Чарли смутился оттого, что стал предметом столь пристального изучения, и, желая перевести разговор, спросил:
– Но все эти твои старания, ради чего они?
– Как знать? Пойдем выпьем кофе в D me.
– С удовольствием. Вот только позову официанта.
– За обед плачу я. Это впервые плачу я, когда мы едим вместе.
Он достал из кармана деньги, чтобы рассчитаться, и среди бумажек оказалось несколько пригласительных билетов.
– Смотри-ка, у меня есть для тебя билет на Полуночную мессу в Сент-Эсташ. Это считается лучшей церковной музыкой в Париже, и тебе, наверно, захочется пойти.

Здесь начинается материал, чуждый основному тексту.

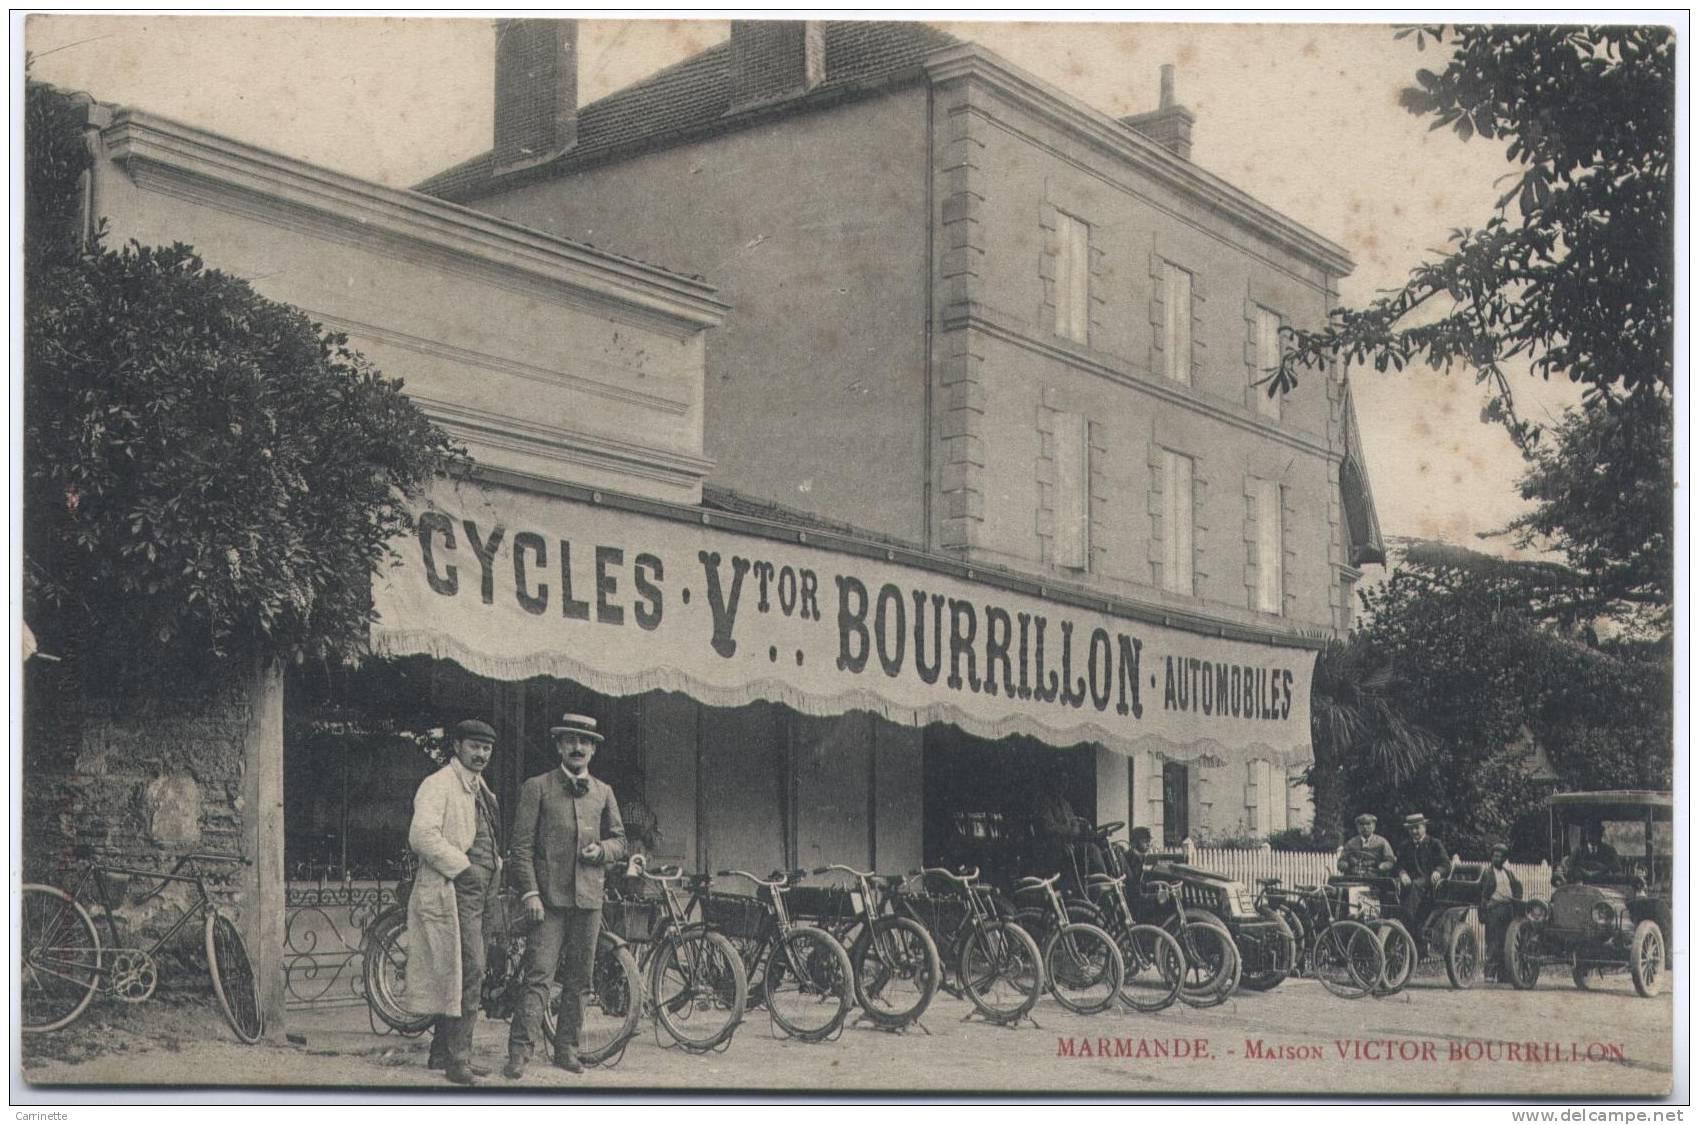 MARMANDE - 47 - Lot Et Garonne - Cycles Automobiles BOURRILLON - Marmande
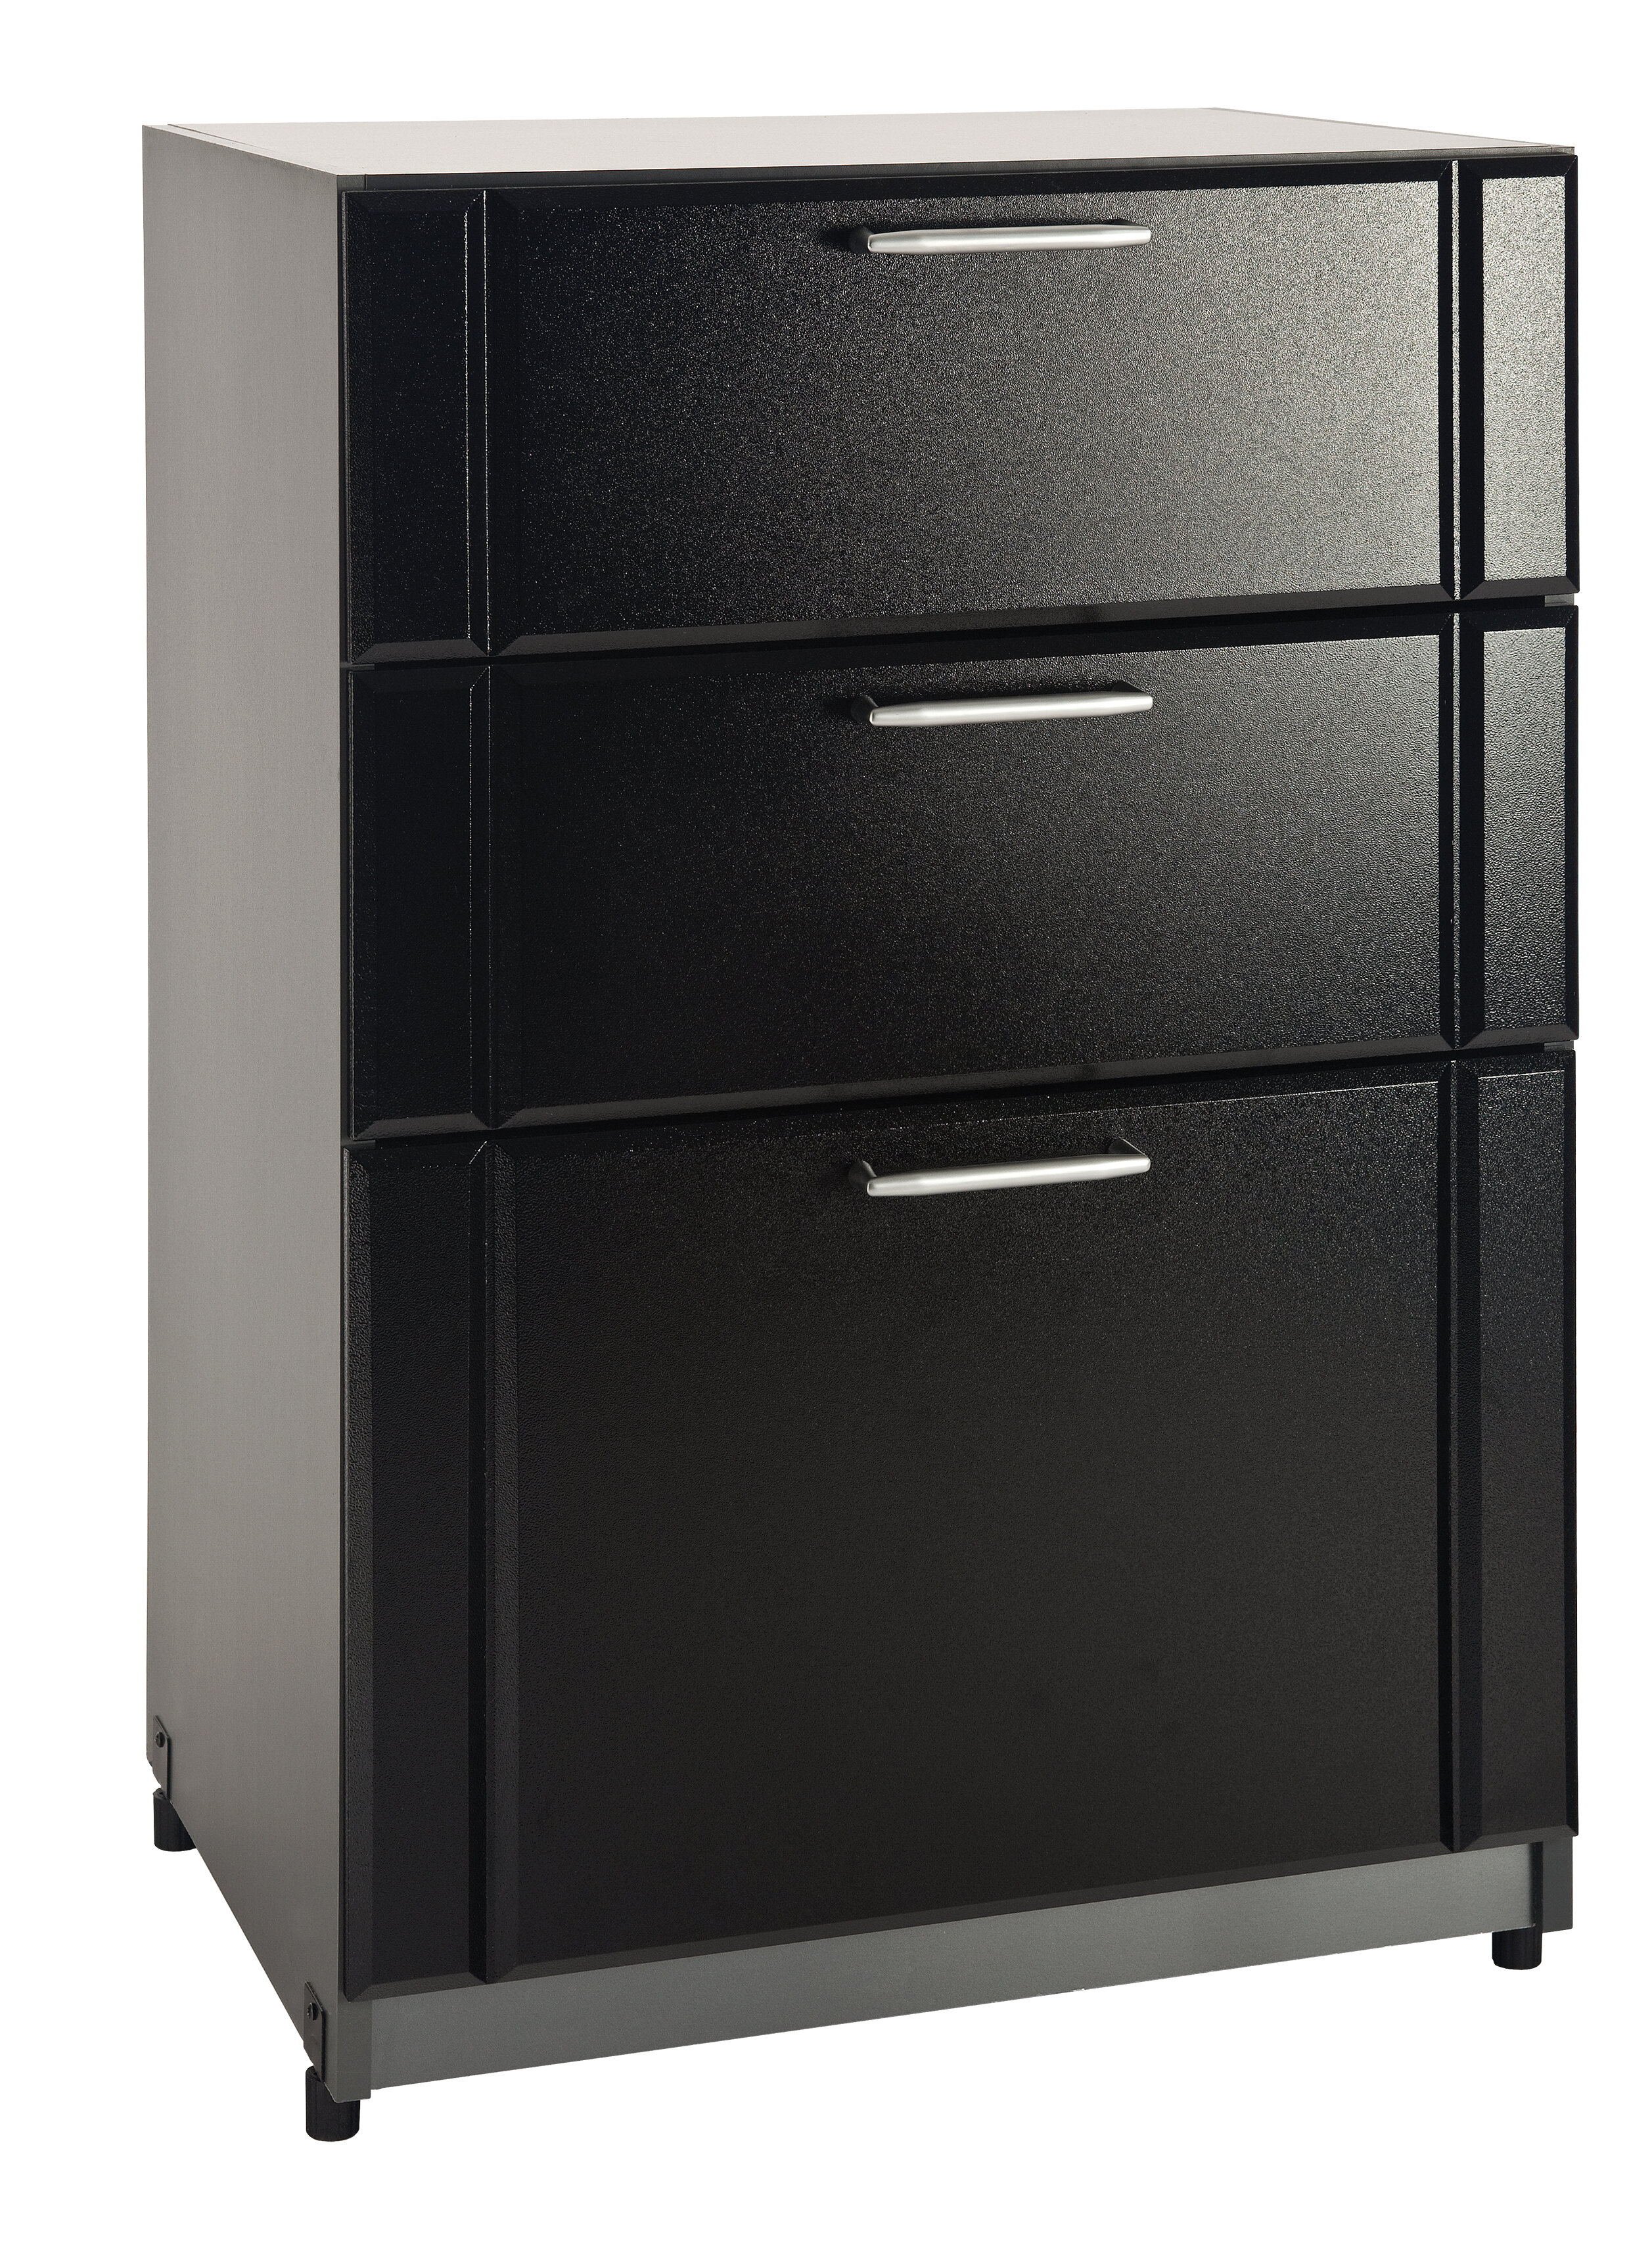 "ClosetMaid 37"" H x 24"" W x 18 63"" D Base Cabinet"

– Ох, Саймон, как это мило с твоей стороны. Я буду очень рад. Ты ведь пойдешь со мной?
– Там видно будет поближе к делу. Во всяком случае на, возьми билеты.
Чарли положил билеты в карман. И они отправились к Доме. Дождь перестал, но тротуары еще не высохли и поблескивали под светом, падающим из витрины или от уличного фонаря. На улицах полно праздношатающихся. Они появляются из тени обнаженных дерев, словно из-за кулис, проходят полосу света и вновь скрываются в провале тьмы. Подобострастные, но настойчивые алжирцы со свернутыми восточными коврами и переброшенными через плечо дешевыми мехами вглядываются в проходящих, выискивая возможных покупателей. Мальчишки с грубыми лицами, в фесках, с корзинами, полными арахиса, пронзительно и однообразно выкрикивают: «Cacaouettes, cacaouettes!» На углу два негра, темные лица свело гримасой от холода, стоят и ждут, будто время остановилось и больше им делать нечего. Саймон и Чарли подошли к D me. Веранда, открытая летом, сейчас застеклена. Все столики на ней заняты, но когда друзья переступили порог, одна пара как раз поднялась уходить, и они заняли освободившиеся места. Было довольно прохладно, а Саймон вышел без пальто.
– Не замерзнешь? – спросил Чарли.– Может быть, пройдем внутрь?
– Нет, я научился не бояться простуды.
– А если простудишься, что делаешь?
– Не обращаю внимания.
Чарли много слышал об этом кафе, но никогда еще здесь не был и теперь с жадным любопытством рассматривал окружающих. Здесь были молодые люди в свитерах с высокими завернутыми воротами, иные с бородками, и девушки с непокрытыми головами и в плащах; наверно, художники и писатели, подумал Чарли и смотрел на них не без трепета.
– Англичане или американцы,– сказал Саймон, презрительно пожав плечами.– Почти сплошь бездельники и моты, вырядились для роли в спектакле, который давным-давно сошел со сцены.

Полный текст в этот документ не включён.